This is intentional: cancellation is cooperative, not destructive. A task never gets killed while holding locks or in the middle of a critical operation. It only stops in places the programmer chooses.
The task_state object
template <typename T> class task_state {
template <class Callable, class... Args> friend class template_task;
public:
void post_completion(T&& result) {
std::unique_lock<std::mutex> lock(_mutex);
_completed = true;
_result = std::move(result);
_cv.notify_all();
}
void wait() {
std::unique_lock<std::mutex> lock(_mutex);
_cv.wait(lock, [this] { return _completed; });
}
bool is_ready() { return _completed; }
void interrupt() {
_interrupt_token.set_interrupted();
wait();
}
T& get_result() { return _result; }
private:
std::mutex _mutex;
std::condition_variable _cv;
bool _completed = false;
interrupt_token _interrupt_token;
T _result;
};
The future<T> object
template <typename T> class future {
public:
future(std::shared_ptr<task_state<T>> state) : _state(state) {}
T& get() {
_state.get()->wait();
return _state.get()->get_result();
}
void interrupt() { _state.get()->interrupt(); }
bool is_ready() { return _state.get()->is_ready(); }
private:
std::shared_ptr<task_state<T>> _state;
};
Injecting the interrupt_token Into User Tasks
Now that we have a lightweight interrupt_token, the next step is to make sure every task submitted to the thread pool actually receives one.

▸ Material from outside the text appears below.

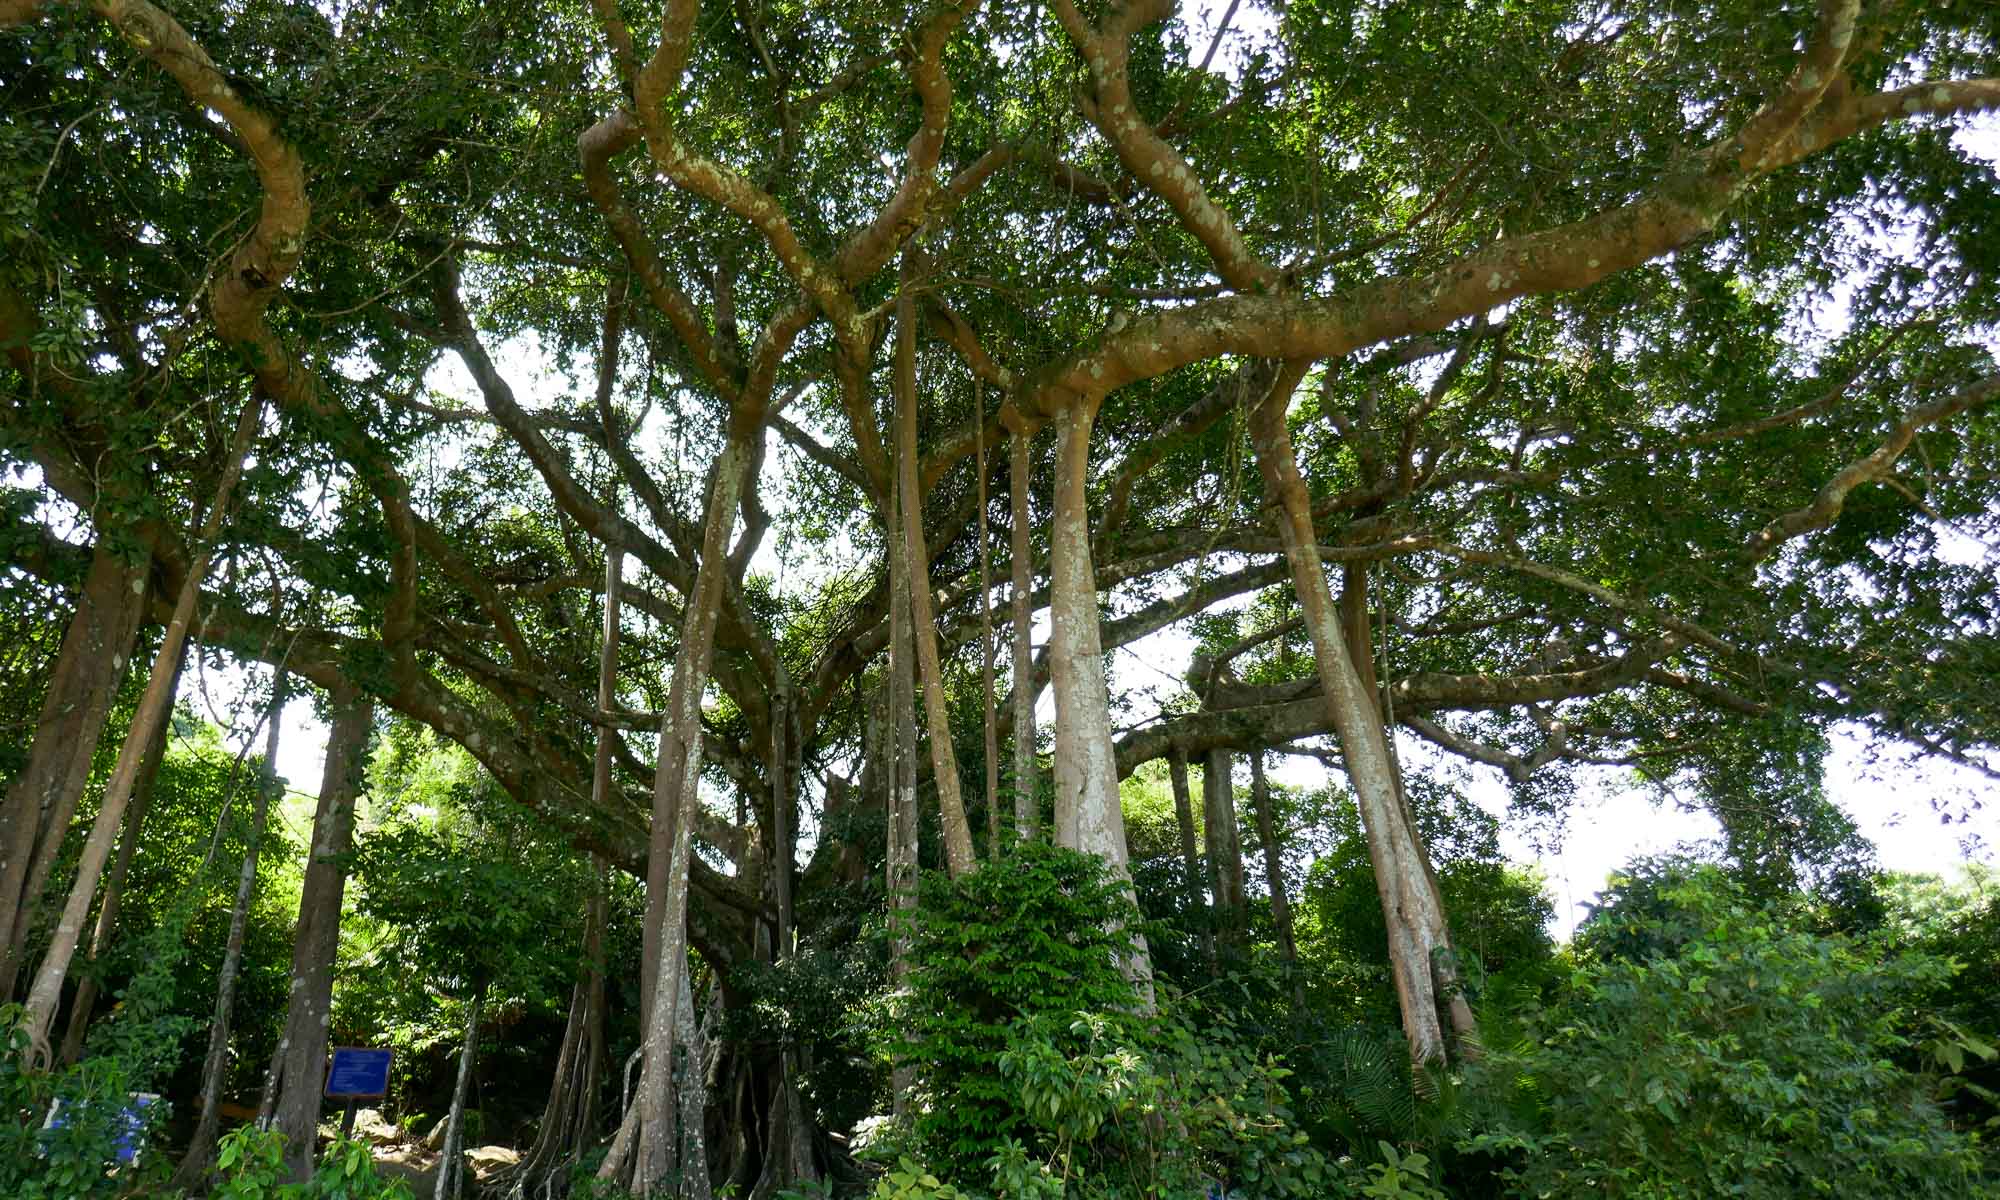 The 1,000 year old banyan tree
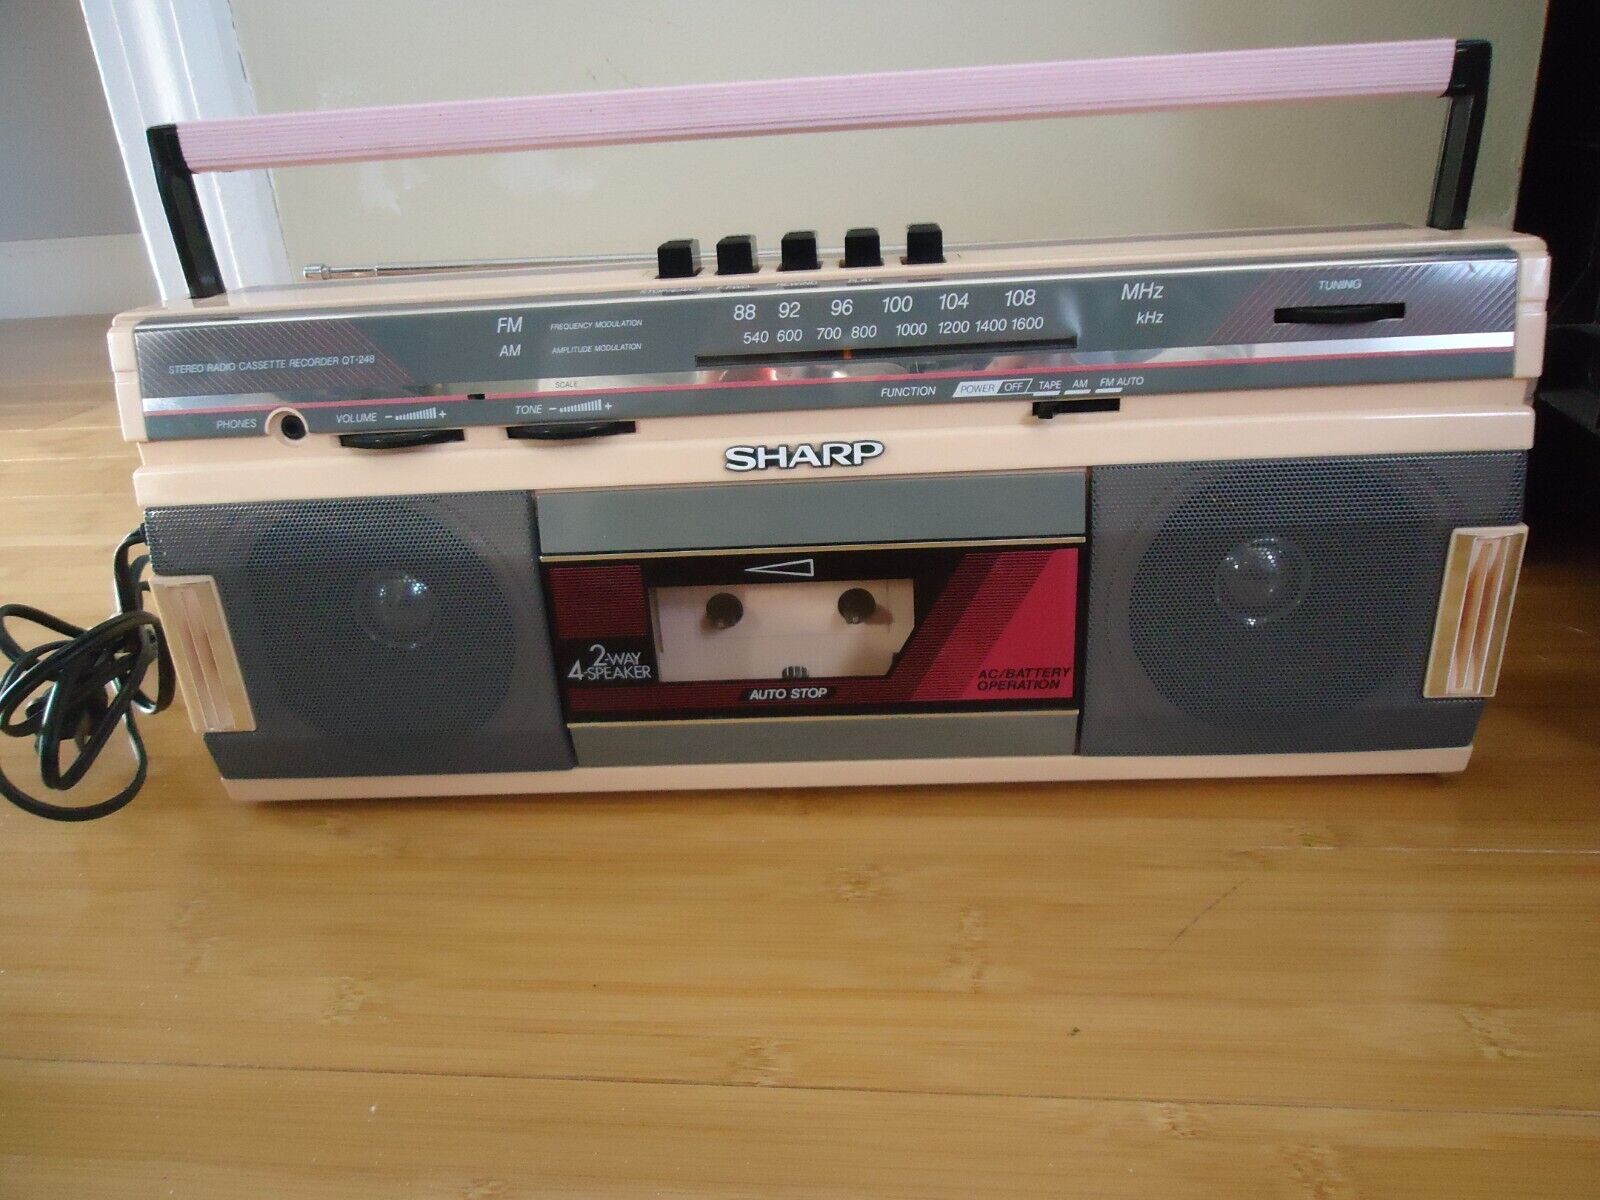 Pink Sharp QT-248 AM/FM Cassette Boom Box, 1980s - Tested, Radio working

Tasks cannot magically know about cancellation - they must be explicitly given access to the token so they can check it and exit early when needed.
This is the job of template_task.
Wrapping User Callables
Whenever the user submits a function, lambda, or functor to the thread pool, we wrap it in a template_task. This wrapper does three things:
- Creates a
task_state<T>object, which stores the interrupt token and future state. - Binds the user callable so that the first argument becomes
interrupt_token&. - Stores the bound callable in a type-erased
std::function.
Here is the implementation:
template <class Callable, class... Args>
class template_task : public task_base {
public:
using T = std::invoke_result_t<Callable, interrupt_token&, Args...>;
template_task(Callable&& callable, Args&&... args)
: _state(new task_state<T>()) {
_function = std::bind(
std::forward<Callable>(callable),
std::ref(_state.get()->_interrupt_token), // injected here
std::forward<Args>(args)...);
}
void operator()() override {
_state.get()->post_completion(std::move(_function()));
}
future<T> get_future() { return future<T>(_state); }
~template_task() override = default;
task_kind kind() override { return task_kind::normal; }
private:
std::function<T()> _function;
std::shared_ptr<task_state<T>> _state;
};
The Important Part: Injection
The key line is:
std::ref(_state.get()->_interrupt_token)
This is where the users callable gets “rewired” so that the first argument is a reference to the tasks own interrupt_token. From the users perspective, the callable simply needs to take a signature like:
int my_task(interrupt_token& token) {
while (!token()) {
// do work...
}
return something;
}
They do not need to know anything about task_state, futures, or how the pool manages cancellation. The token just appears.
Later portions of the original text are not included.